Connect with us

Opini

Diplomasi di Ujung Rudal: Ketika Trump Mengira Dunia Akan Ciut

Published

on

Presiden Donald Trump dulu berkampanye dengan satu janji: tak akan menyeret Amerika Serikat ke dalam perang asing yang sia-sia. Rakyat bersorak, para veteran mengangguk haru, dan dunia—walau skeptis—diam sejenak, mungkin berharap akan benar-benar lahir seorang pemimpin konservatif yang damai. Tapi sepertinya, satu hal yang lebih kuat dari janji kampanye adalah godaan untuk menekan tombol merah, menyalakan mesin B-2 Stealth Bomber, dan membisikkan perintah ke kapal selam agar melepaskan Tomahawk ke fasilitas nuklir Iran. Ya, negosiasi memang sedang berlangsung, tapi siapa bilang meja perundingan tak bisa dibumbui ledakan?

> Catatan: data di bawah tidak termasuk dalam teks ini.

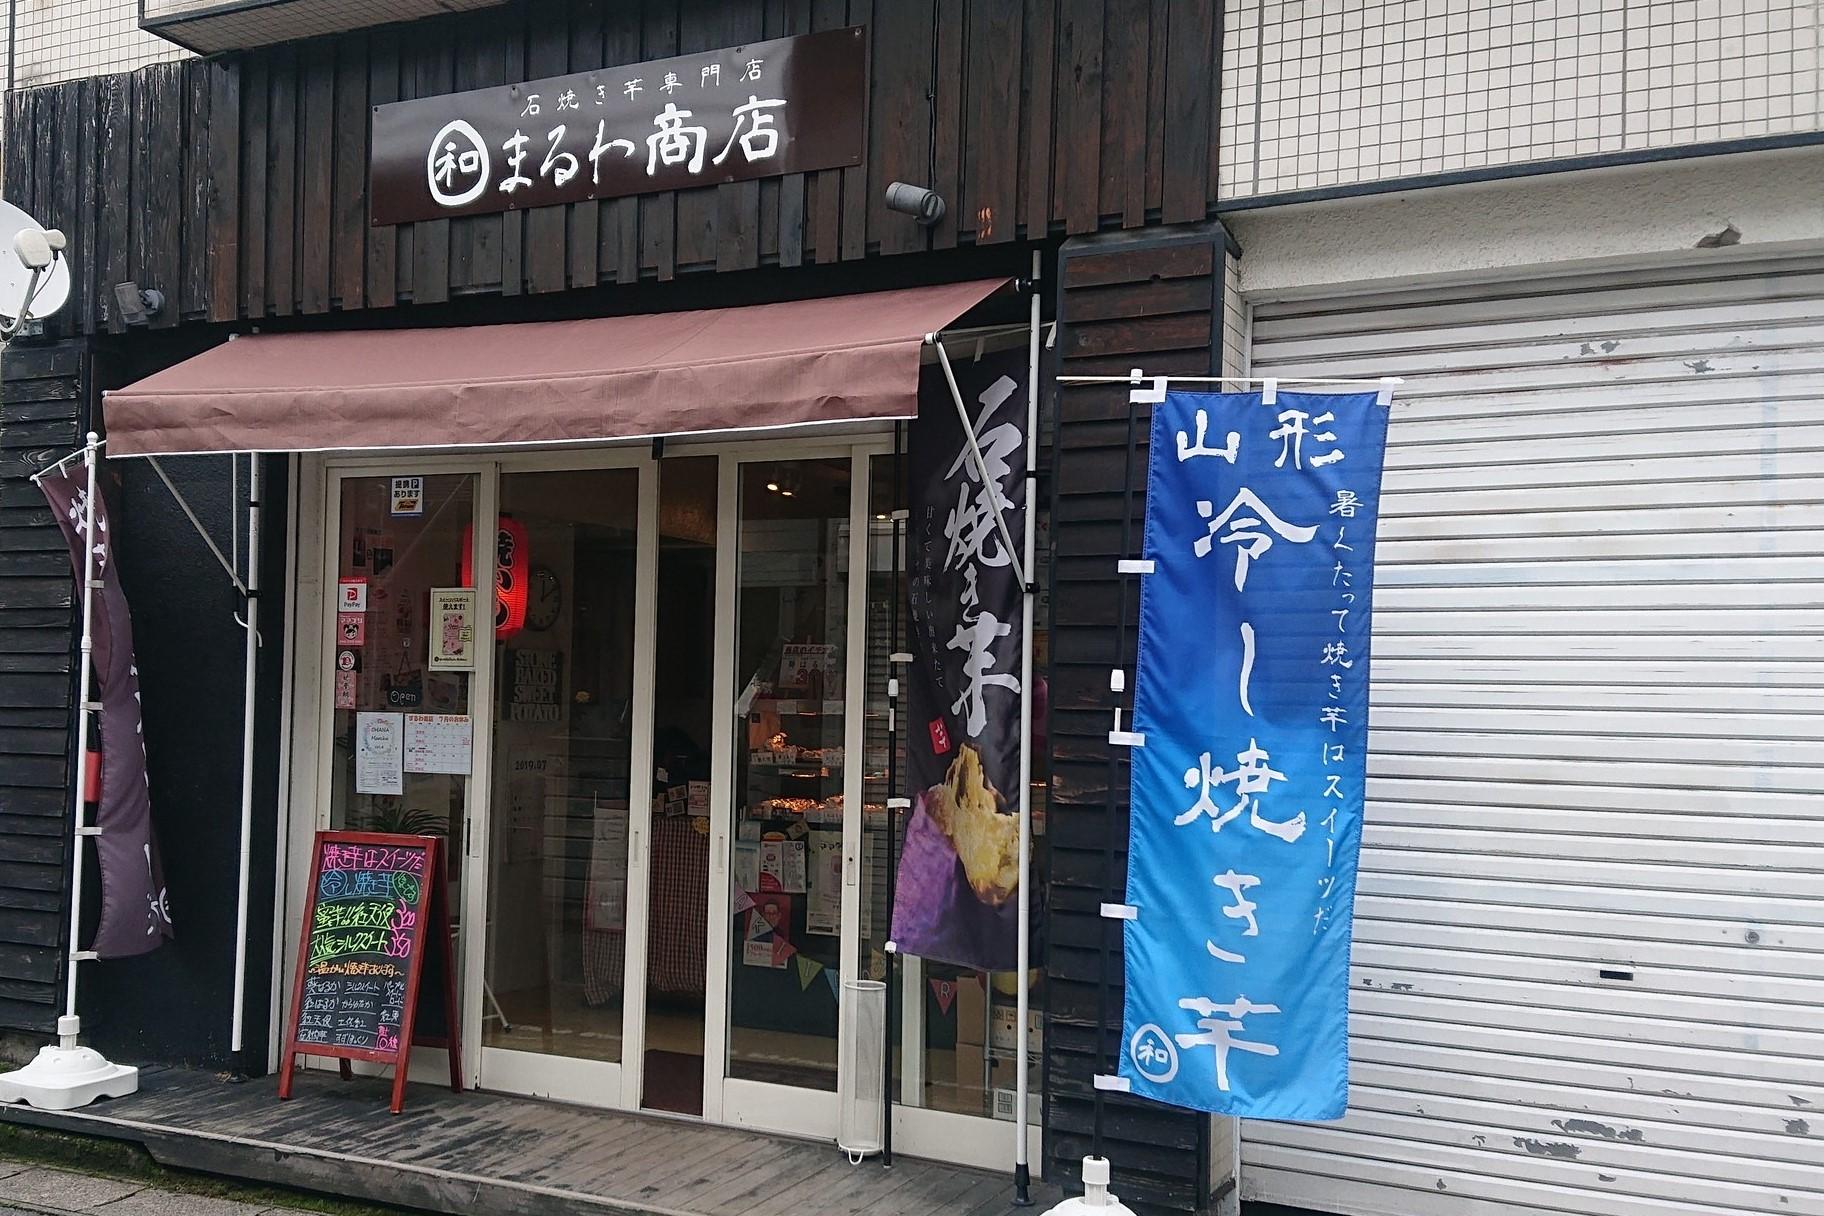 石焼き芋専門店 まるわ商店の外観
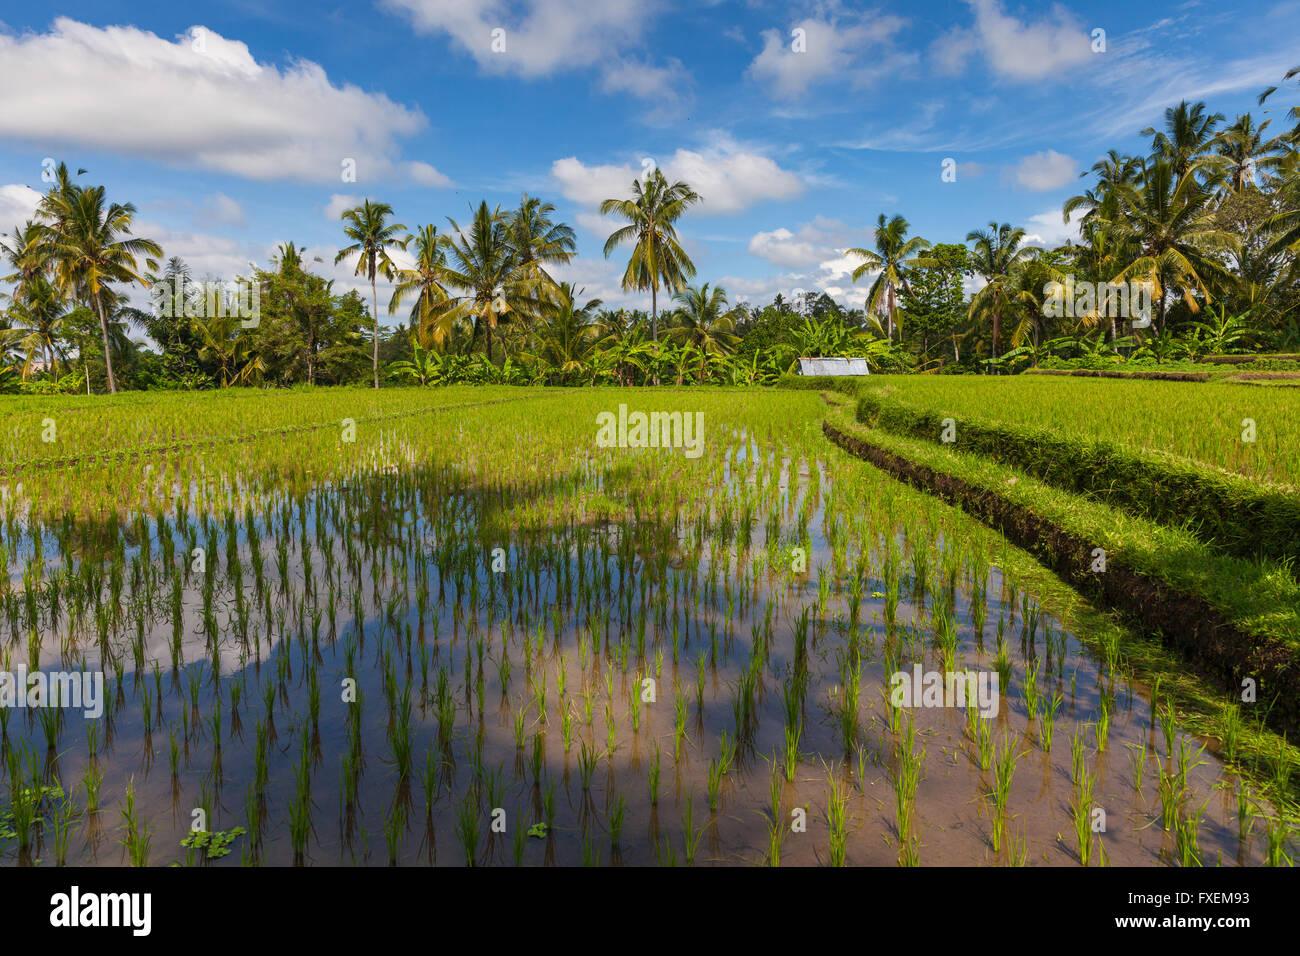 Paesaggio diurno dei campi di riso in Ubud, Bali, Indonesia. Immagini Stock

Serangan terhadap tiga fasilitas nuklir Iran yang dilakukan pada 22 Juni itu, oleh Trump dan Pentagon, dibungkus sebagai tindakan strategis yang terukur. Sebuah “pukulan terbatas”, kata mereka, yang dimaksudkan untuk mengakhiri perang 12 hari antara Iran dan Israel. Tapi tentu, kata “terbatas” menjadi relatif jika diucapkan sambil menjatuhkan bom penghancur bunker dan mengirim sinyal keras ke Korea Utara, Rusia, dan tentu saja, China. Dunia menyaksikan, sekali lagi, bagaimana “penjaga perdamaian dunia” mempraktikkan seni diplomasi dengan ledakan.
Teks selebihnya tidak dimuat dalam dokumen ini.